I also noticed that this only happens for textfield all other form control seem to work. I wonder if enderlite is doing anything weird with its view hierarchy. CC mjudge
Looks like this happens because the nsPositionedInlineFrame somehow ends up sharing the same view as nsScrollPortFrame view (Which is illegal). I think its because the relative positioning code is making a mistake when shuffeling its children around into different lists. Digging a little deeper to see what I can find.
Status: NEW → ASSIGNED
Ok I figured this out. The problem is the frames are moved but the views are not. The code was written to move the views but it was never turned on because the author never saw a case where you had view to move. But if you place a scrollframe inside it does have views that must be moved. Turning the move code on fixes the this bug quite nicely. Patch is attached below.
Attached patch FixSplinter Review
Whiteboard: [rtm need info] → [rtm need info] NEED R=, SR=
It's buster's code. CCd him for review.
r=buster. I suggest waterson for the sr. Please fix up the comment, and refer to the bug number. And remember to send a note to reviewers@mozilla.org. Good job fixing this.
Whiteboard: [rtm need info] NEED R=, SR= → [rtm need info] NEED SR=
Ok this has been tested on win, linux, and mac. Looks like this code only gets executed when something is fixed:relative. So is pretty safe because position:relative is not incredibly common. But this should be fixed asap because it CRASHES the browser.

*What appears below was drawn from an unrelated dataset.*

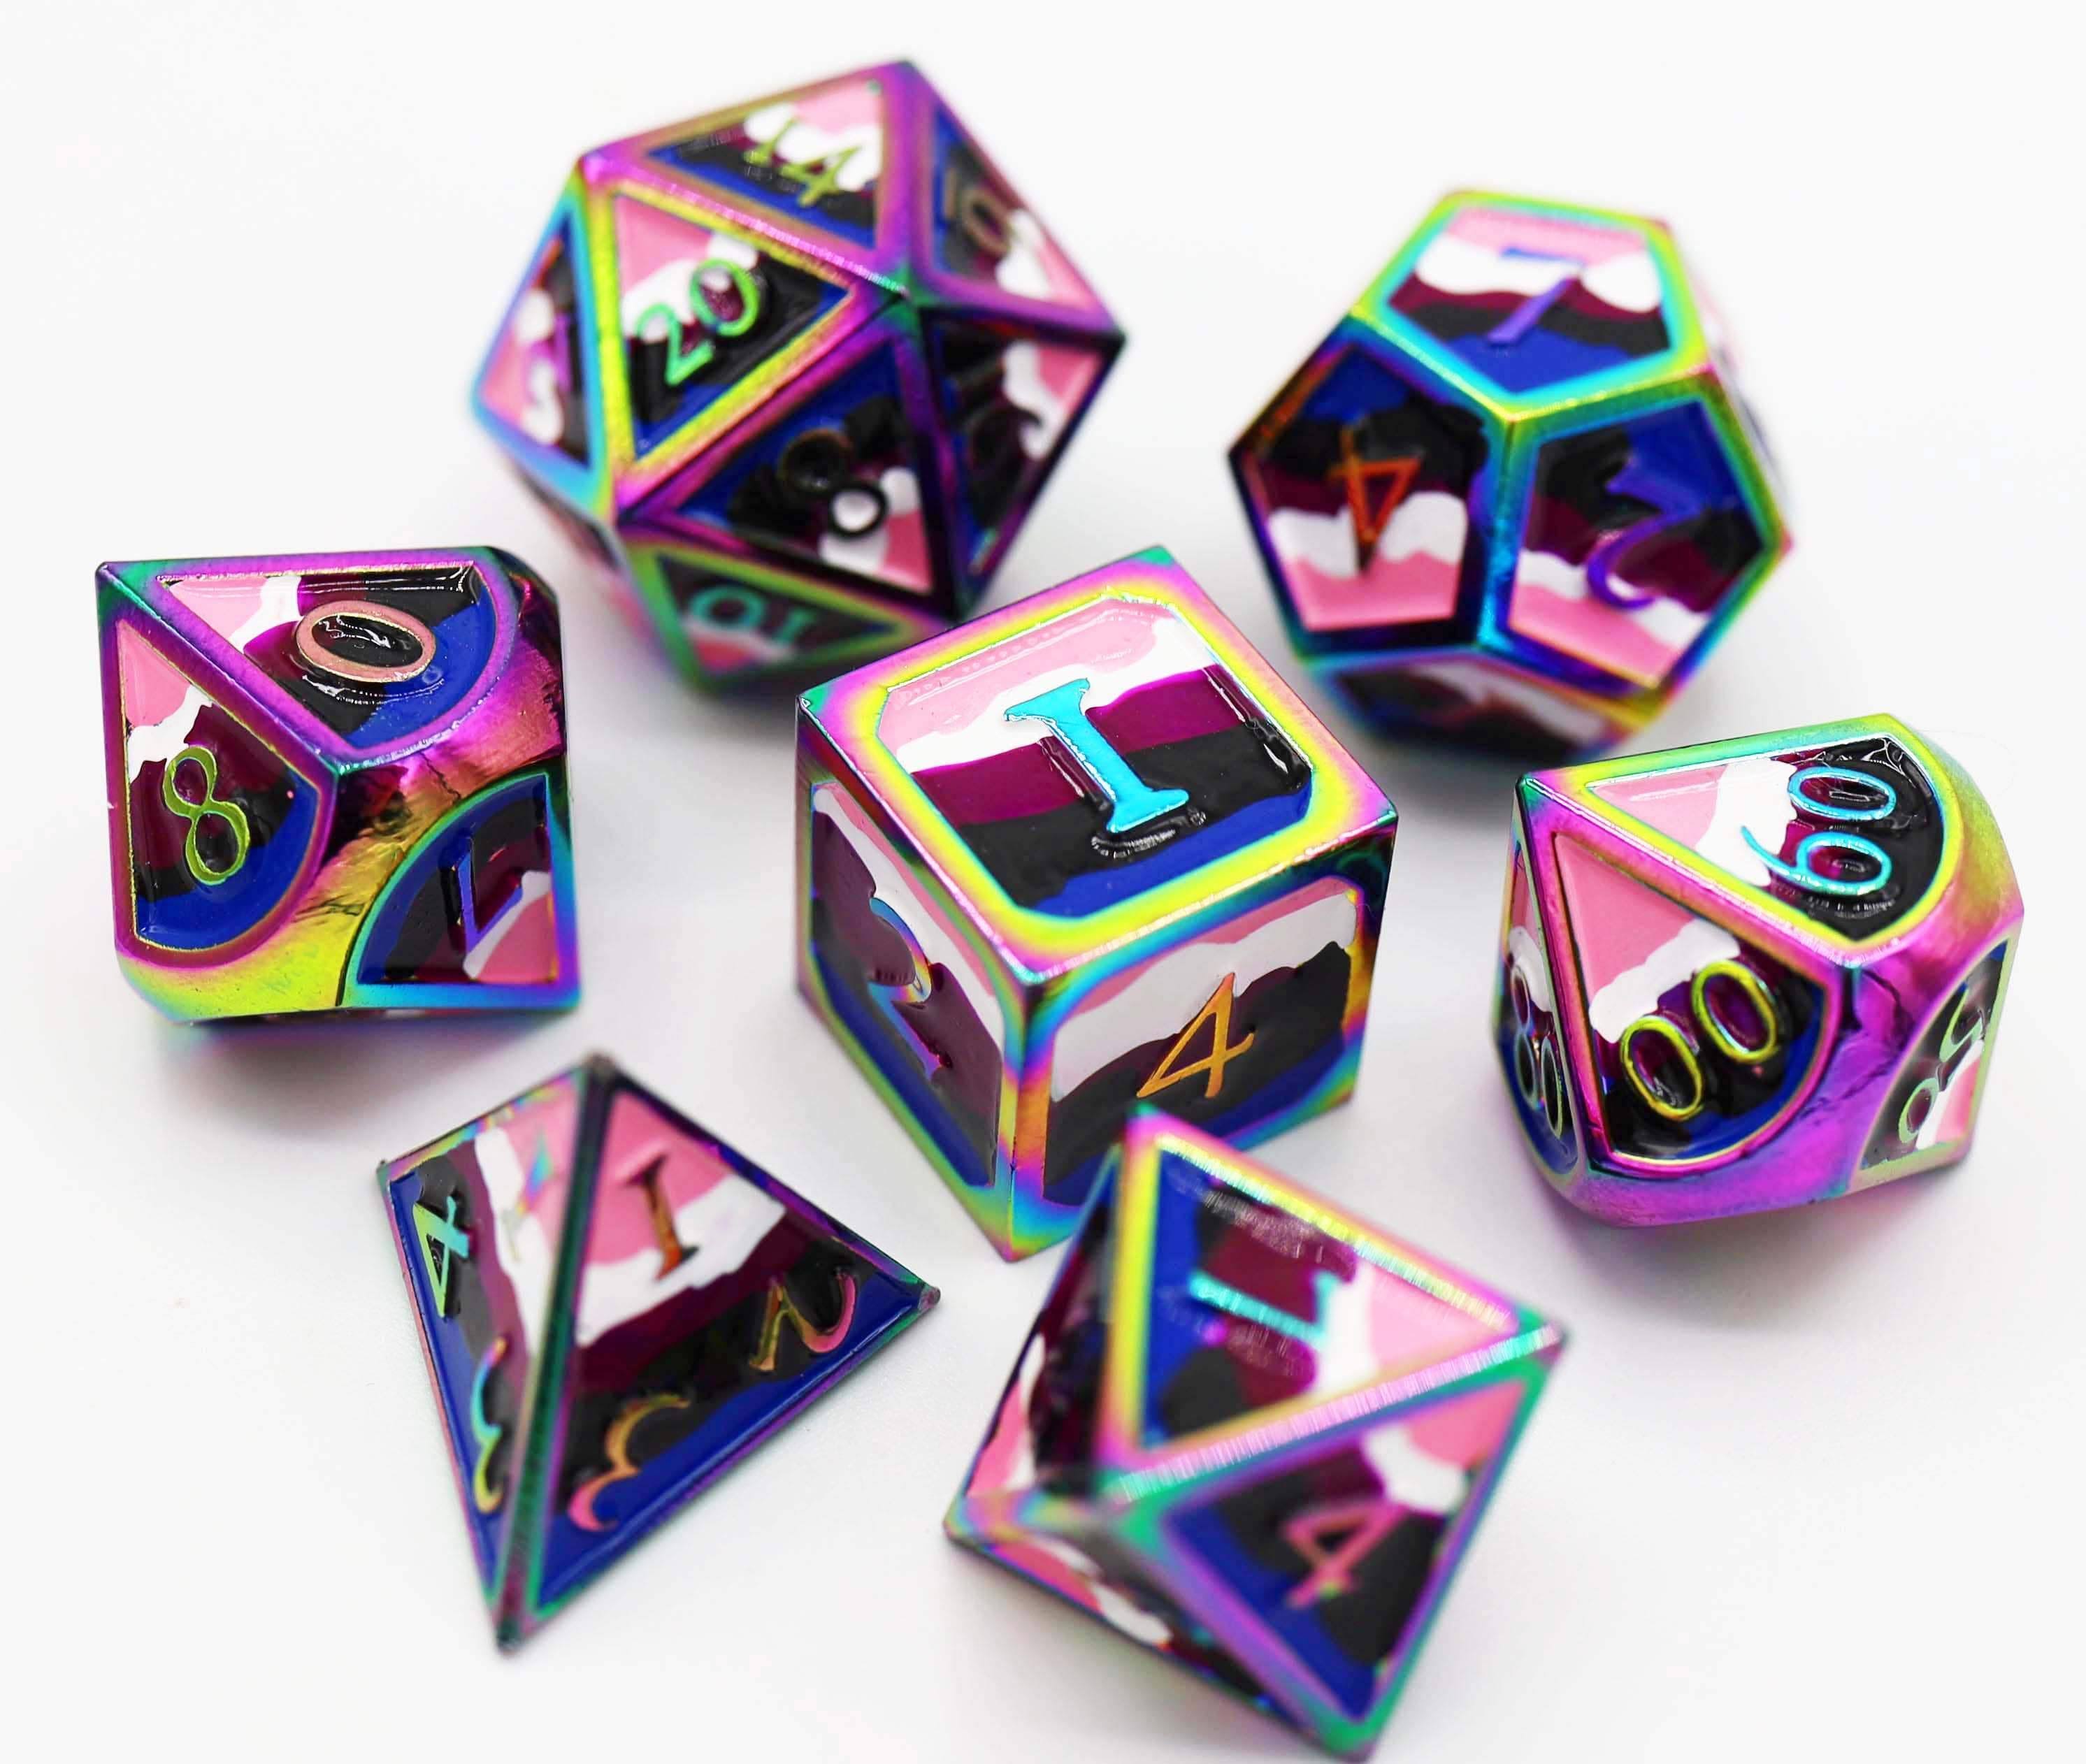 Foam Brain Games Dice Metal Poly Set - Gender Fluid Pride (7) New

Just waiting for watersons SR
Tested on my W2K-JA machine. No longer crashes after applying the patch.
Yeah, don't forget to fix up the comment! sr=waterson
Whiteboard: [rtm need info] NEED SR= → [rtm need info]
We have a r= and a sr=. This should get bumped up to rtm+ immediately. PDT: We REALLY need to get this fix in. NS6 crashing on common css such as position:relative will make it seem that Netscape 6 can STILL not handle css properly.
Whiteboard: [rtm need info] → [rtm need info] r=buster, sr=waterson
Checked into trunk.
Whiteboard: [rtm need info] r=buster, sr=waterson → [rtm+]
This was just moved to rtm+ by someone who didn't leave a comment. :P Re-adding r=buster, sr=waterson. I would keep them in the status whiteboard until we get rtm++ (or until we close this bug) so we can differentiate bugs that are in rtm need info because they haven't gotten review yet, or if the pdt has moved it back to need info because they have a question. Besides, if the patch has regressions, then we can go back to the reviewers for help. :P :-)
Whiteboard: [rtm+] → [rtm+] r=buster, sr=waterson
Please let this cook on the trunk for 24 hours, and then renominate with info on regressions if any. My *guess* is that we'll take this into our limbo, and accept into N6 RTM it if can nail a candidate build RSN. Based on discussion with Waterson, this is a very uncommon situation (a block level item inside an inline), and the code is effectively defensive and rarely used. Others can comment if the risk is higher or lower, or the benefit different than percieved. Waterson also suggested that he could propose a way to exercise and test this code... so it would be good to have some data on the trunk build based on such exercise.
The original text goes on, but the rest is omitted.